I didn't see it mentioned, but I would work on "stay", too. Steadiness is pretty important in the hunt games!


----------



## Swampcollie (Sep 6, 2007)

At 14 to 16 weeks I'm usually working on teaching sit, here and heel as well as introducing the whistle for those commands. When "Sit" gets established, you can begin to introduce casting in the yard. 

Marks should be singles in areas without a lot of distraction. Use a check cord to ensure compliance with obedience commands. Don't demand complete steadiness from the pup at this point. You want to build the pups' desire to make the retrieve. If the pups butt stays on the ground long enough to see the fall it's steady enough at this point. (We'll demand absolute steadiness after OB is formalized.)

It's getting time to seek a helper (or pick up a remote launcher/winger) to throw marks for the pup so you can extend the distance as the pup progresses.


----------



## sterregold (Dec 9, 2009)

Lots of things you can do--it is mostly socialization and positive association building at this point anyhow. We are having a miserable rainy day here so Bonnie will be learning inside today!

See if there is a paint roller in the utility room/workshop at your folks, or else visit the hardware store tomorrow. They are cheap, excellent retrieval items for youngsters and encourage good mouth habits. Pups generally like them and pick them up by the middle. You can do hand thrown marks in a hallway with these.

Go for walks and let him experience a variety of natural elements so he gets confident with them--leaves, sticks, logs, rocks, ditches....

Do short, reward-based obedience sessions working on skills like here, sit, down, heel, kennel-up and wait. Remember keep it short and fun.

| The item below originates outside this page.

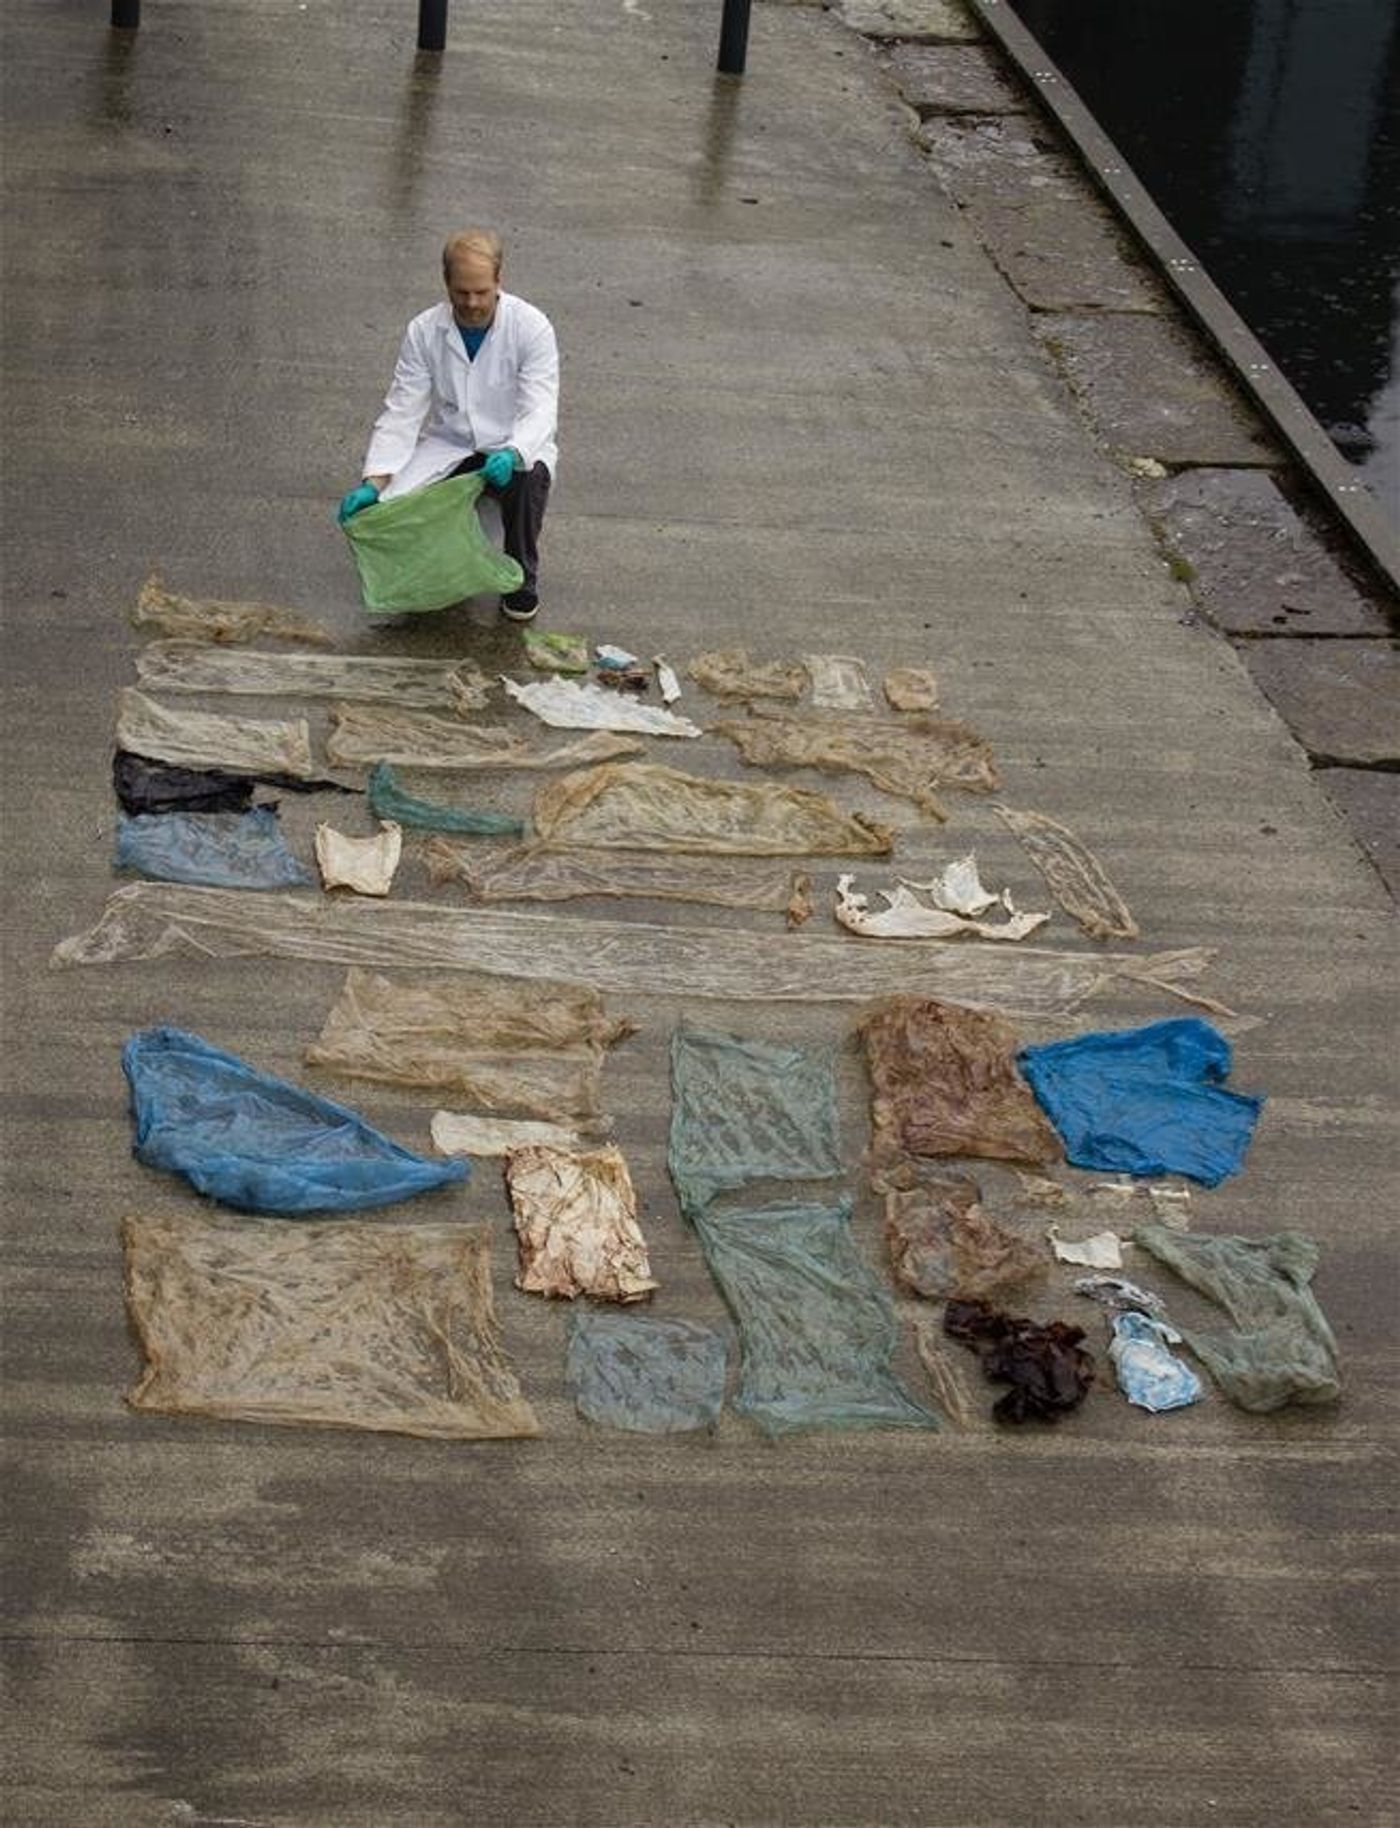 The numerous plastic bags that were pulled from the euthanized whale's stomach.

An excellent inside game for yucky days is food-bowl casting. Sit the pup in front of you (facing you like a whistle sit position), and have a helper set down a little bowl with a couple of kibbles in it. They can rattle it so that the pup knows there is something in it, or have the pup watch as they put the treat in. Then give pup an over cast to the bowl. Don't know how well it transfers over to handling eventually, but pups enjoy it and quite a few of my friends now do it with their pups. Bonnie has a pretty good sit now, so I make her wait and watch while I set it out and then return in front of her to cast. 

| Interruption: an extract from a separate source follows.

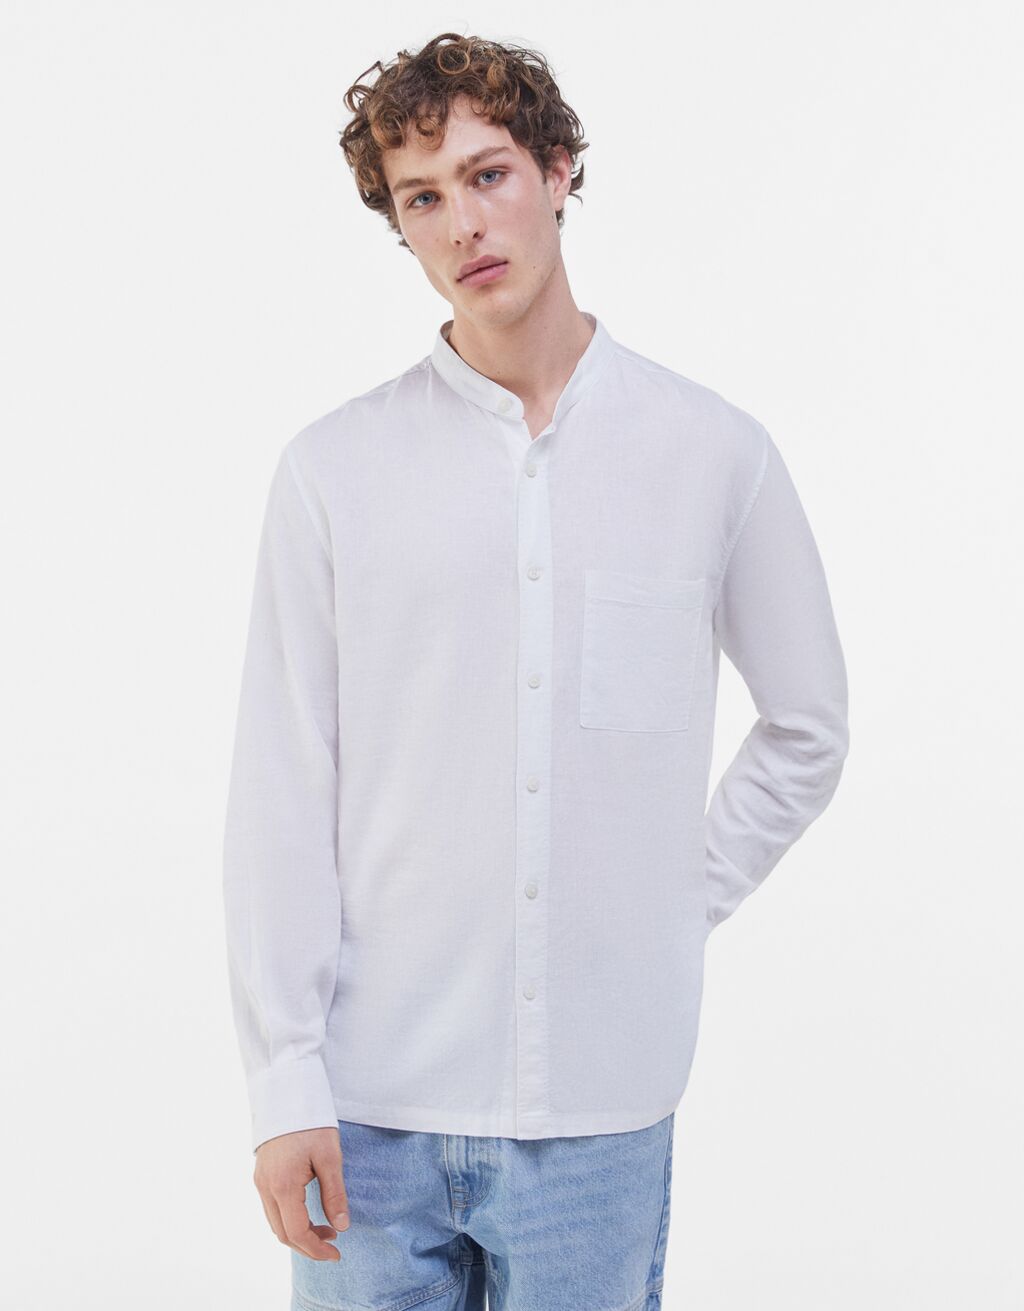 Linen shirt with stand-up collar - Piotnet Grid

Little games can really stick with them in skills development. My obedience trainer teaches a scent discrimination game in her puppy classes with pups as young as 10 weeks old. I do not personally go far with obedience (there is only so much time!) but some of my friends for whom it is the primary activity swear their dogs pick up the articles exercise for utility sooo much faster because of it.


----------